After 2 days of debug, I nailed down my time-hog: the Python garbage collector.

My application holds a lot of objects in memory. And it works well.

The GC does the usual rounds (I have not played with the default thresholds of (700, 10, 10)).

Once in a while, in the middle of an important transaction, the 2nd generation sweep kicks in and reviews my ~1.5M generation 2 objects.

This takes 2 seconds!
The nominal transaction takes less than 0.1 seconds.

My question is what should I do?

I can turn off generation 2 sweeps (by setting a very high threshold - is this the right way?) and the GC is obedient.

When should I turn them on?

We implemented a web service using Django, and each user request takes about 0.1 seconds.

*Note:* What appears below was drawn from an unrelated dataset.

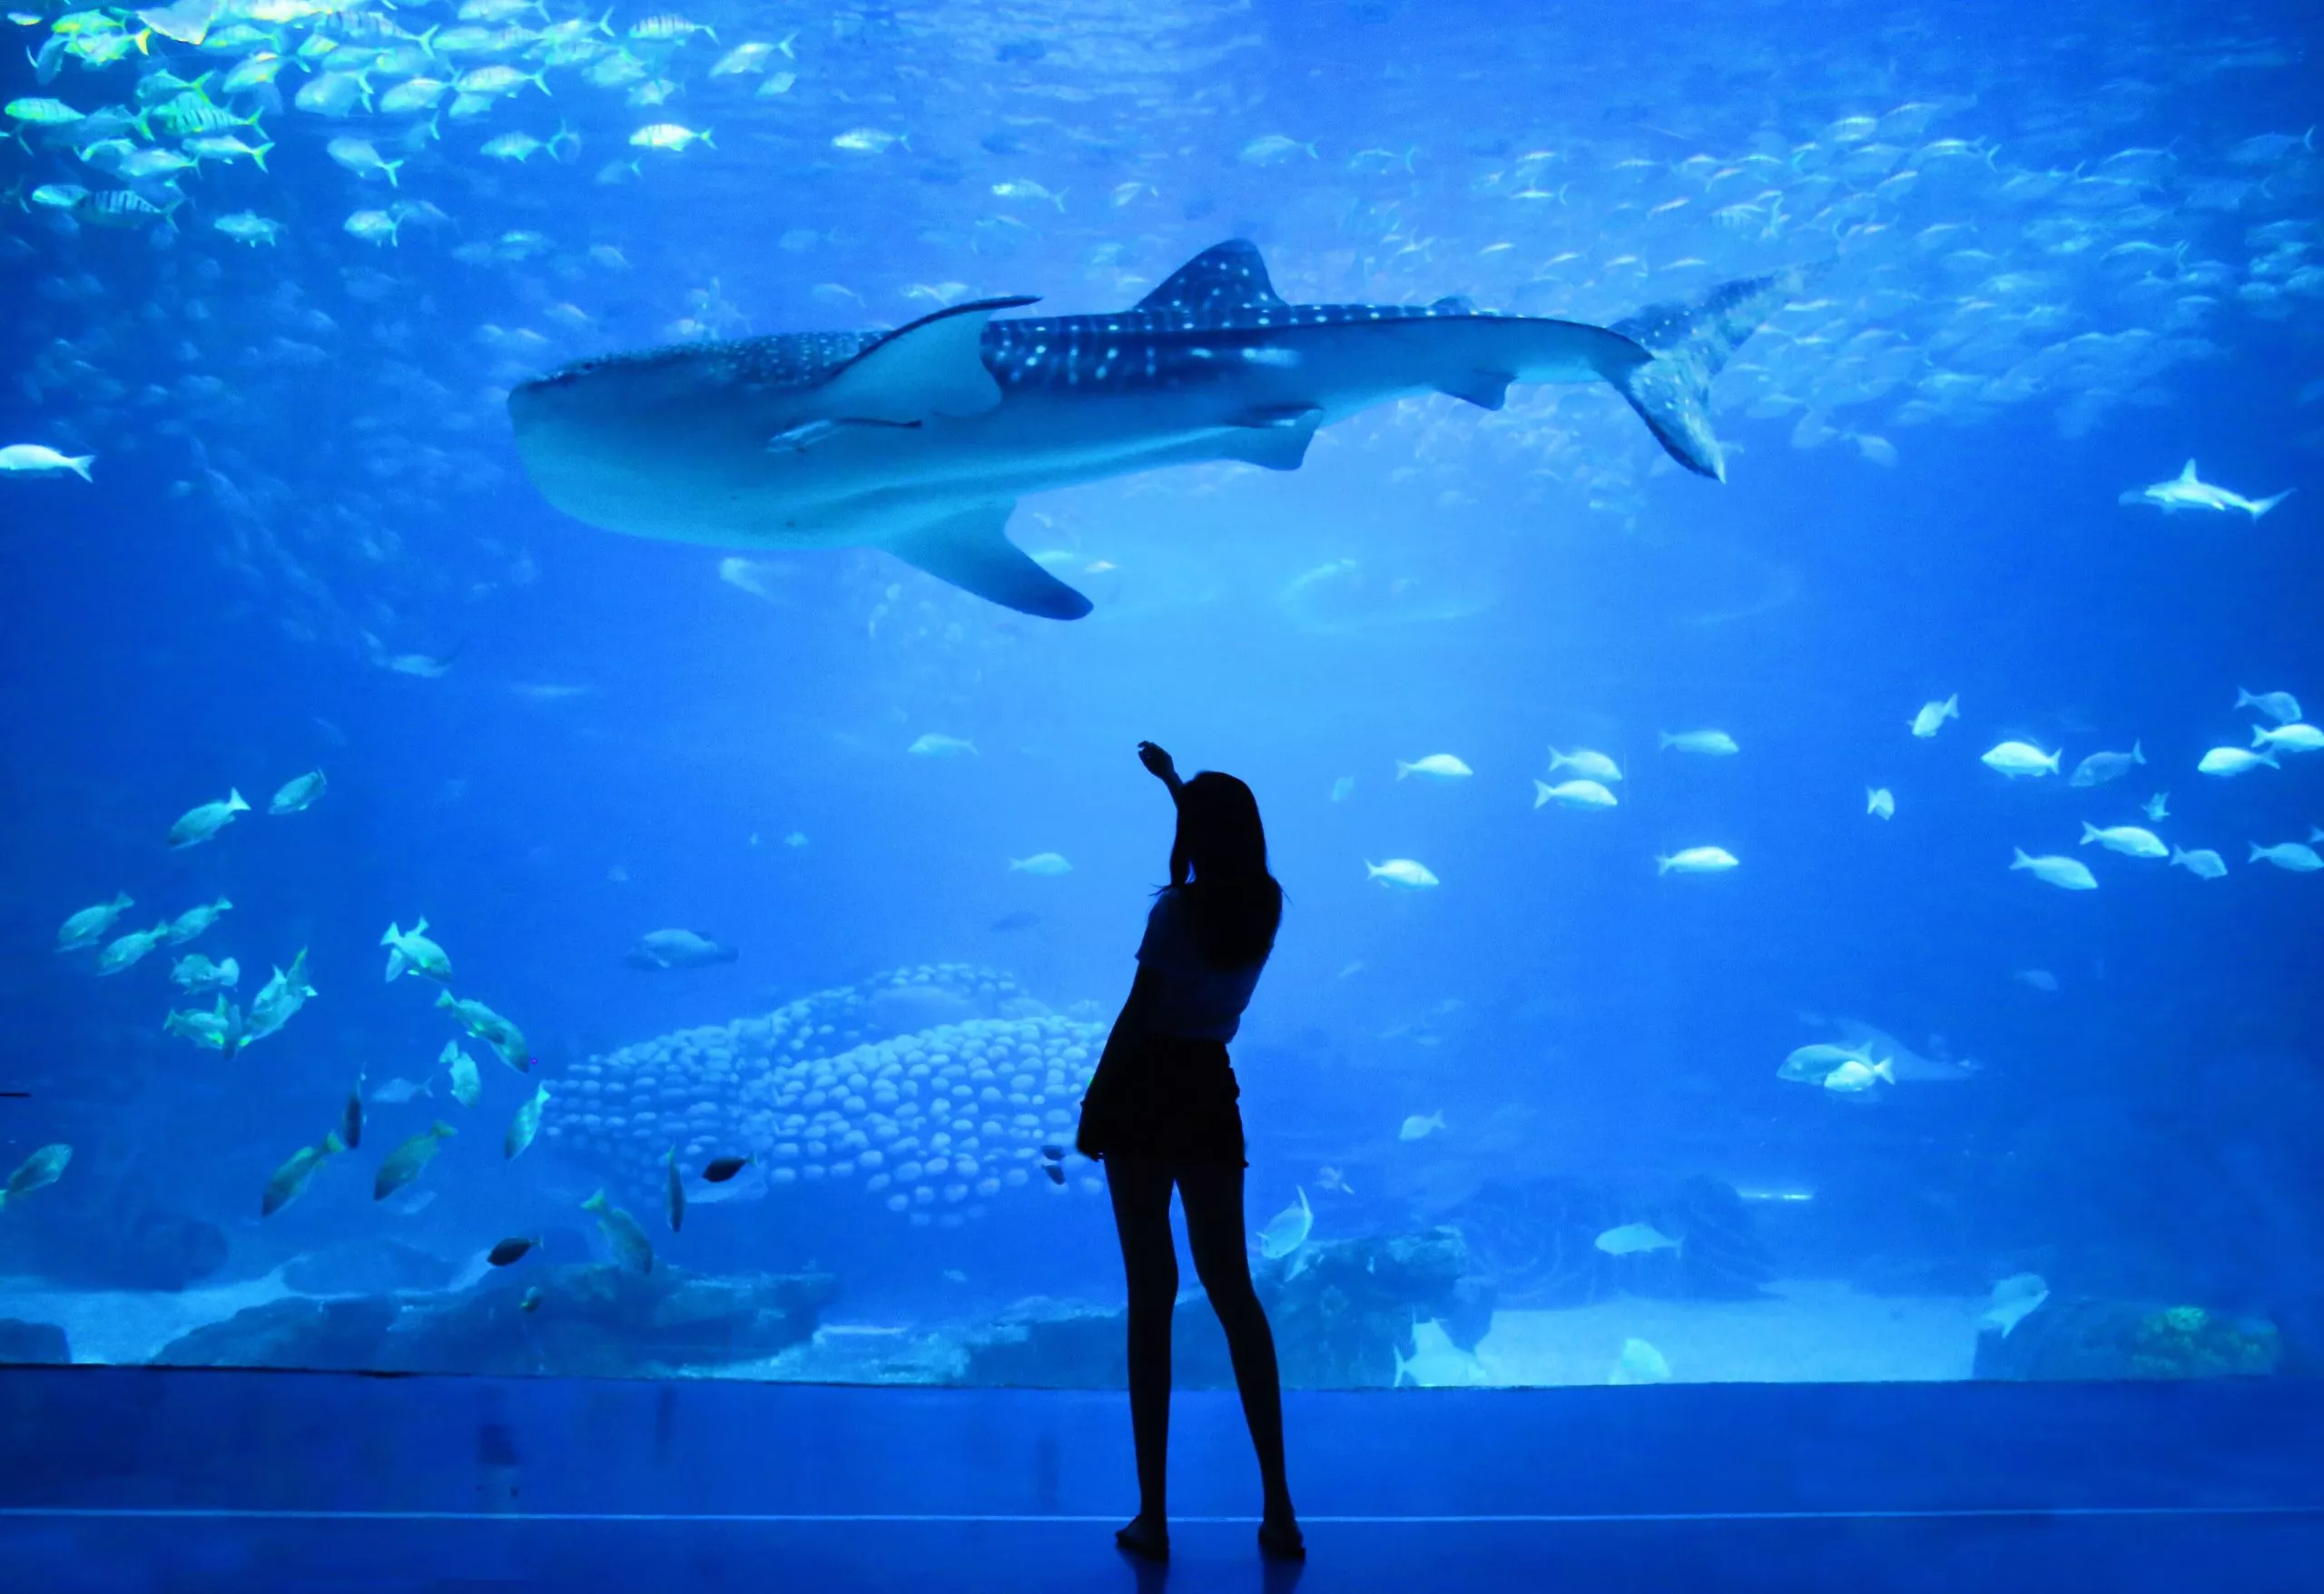 Sunpiazza Aquarium in Japan, East Asia | Aquariums & Oceanariums - Rated 3.2

Optimally, I will run these GC gen 2 cycles between user API requests. But how do I do that?

My view ends with

return HttpResponse()
, AFTER which I would like to run a gen 2 GC sweep.

How do I do that? Does this approach even make sense?

Can I mark the object that NEVER need to be garbage collected so the GC will not test them every 2nd gen cycle?

How can I configure the GC to run full sweeps when the Django server is relatively idle?

Python 2.6.6 on multiple platforms (Windows / Linux).


I believe one option would be to completely disable garbage collection and then manually collect at the end of a request as suggested here: Garbage Collection

I imagine that you could disable the GC in your settings.py file.

If you want to run GarbageCollection on every request I would suggest developing some Middleware that does it in the process response method:

import gc
class GCMiddleware(object):
    def process_response(self, request, response):
        return response